Pan-Arab news network al-Jazeera is launching a 24-hour television channel in the Balkans.

The new service is based in the Bosnian capital, Sarajevo, but also has offices in Serbia, Croatia and Macedonia. It will broadcast in local languages.

Al-Jazeera officials said they wanted to provide "objective" and "professional" news to the region.

The BBC closed its Serbian, Macedonian and Albanian radio services earlier this year to save money.

Al-Jazeera set up the channel by purchasing a local TV station, NTV 99, in Sarajevo last year, investing millions of dollars to improve the facilities.

It will broadcast in the common language spoken in Serbia, Croatia, Bosnia and Montenegro, which was sometimes known as Serbo-Croat but is now more commonly given different names, depending on the country it is being spoken in.

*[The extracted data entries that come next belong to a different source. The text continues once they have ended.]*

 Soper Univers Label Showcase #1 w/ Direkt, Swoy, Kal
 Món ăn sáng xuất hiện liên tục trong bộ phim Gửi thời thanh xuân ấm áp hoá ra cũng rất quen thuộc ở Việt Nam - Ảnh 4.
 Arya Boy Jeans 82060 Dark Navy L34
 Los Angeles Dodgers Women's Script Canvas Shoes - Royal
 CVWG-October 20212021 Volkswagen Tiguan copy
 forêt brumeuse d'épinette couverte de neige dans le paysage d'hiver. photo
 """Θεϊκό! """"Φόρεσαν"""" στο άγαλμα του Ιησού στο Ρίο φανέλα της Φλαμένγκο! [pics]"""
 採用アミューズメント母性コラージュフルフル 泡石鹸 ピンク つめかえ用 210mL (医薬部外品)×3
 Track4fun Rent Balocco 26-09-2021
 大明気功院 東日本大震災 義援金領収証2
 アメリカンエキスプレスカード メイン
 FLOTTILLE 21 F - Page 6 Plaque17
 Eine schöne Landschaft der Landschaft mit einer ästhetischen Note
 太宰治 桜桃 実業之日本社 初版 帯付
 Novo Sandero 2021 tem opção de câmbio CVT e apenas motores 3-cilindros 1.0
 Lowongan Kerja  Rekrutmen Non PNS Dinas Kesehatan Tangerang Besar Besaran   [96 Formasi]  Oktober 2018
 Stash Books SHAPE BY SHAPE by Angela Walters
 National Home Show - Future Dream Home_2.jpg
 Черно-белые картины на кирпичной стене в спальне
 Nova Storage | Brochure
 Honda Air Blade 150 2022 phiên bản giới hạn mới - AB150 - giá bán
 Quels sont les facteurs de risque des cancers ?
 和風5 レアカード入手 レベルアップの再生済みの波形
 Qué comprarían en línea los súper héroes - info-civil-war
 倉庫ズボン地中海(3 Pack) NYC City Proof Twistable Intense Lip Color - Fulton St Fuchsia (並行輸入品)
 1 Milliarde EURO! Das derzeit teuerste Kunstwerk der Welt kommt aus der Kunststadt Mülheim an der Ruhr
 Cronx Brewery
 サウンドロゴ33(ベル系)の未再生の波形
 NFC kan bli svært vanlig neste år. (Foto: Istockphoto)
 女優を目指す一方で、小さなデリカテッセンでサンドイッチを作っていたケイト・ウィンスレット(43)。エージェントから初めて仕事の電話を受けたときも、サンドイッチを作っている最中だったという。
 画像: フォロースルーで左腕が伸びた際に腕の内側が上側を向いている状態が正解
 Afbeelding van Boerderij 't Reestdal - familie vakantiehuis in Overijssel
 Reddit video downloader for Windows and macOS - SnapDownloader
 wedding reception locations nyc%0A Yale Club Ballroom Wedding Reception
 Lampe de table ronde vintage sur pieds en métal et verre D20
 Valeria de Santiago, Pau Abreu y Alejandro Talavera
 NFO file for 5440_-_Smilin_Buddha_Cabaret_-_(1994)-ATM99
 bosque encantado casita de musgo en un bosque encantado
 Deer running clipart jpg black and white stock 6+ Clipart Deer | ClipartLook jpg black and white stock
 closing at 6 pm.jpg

"We were training for months to achieve the al-Jazeera standards that our public can experience from now on," managing director Tarik Djodjic told the AFP news agency.

Analysts say some local media outlets in the former-Yugoslav countries played a key role in fuelling the wars of the 1990s and often still have a narrow outlook.

"The war started with the media and the media continue to fight it" Tanja Topic, a Bosnian Serb political analyst told the Associated Press.

"Now al-Jazeera is entering the space with their serious approach to information."

"This can be a big challenge for the others here who could start being a bit more responsible towards the public," she said.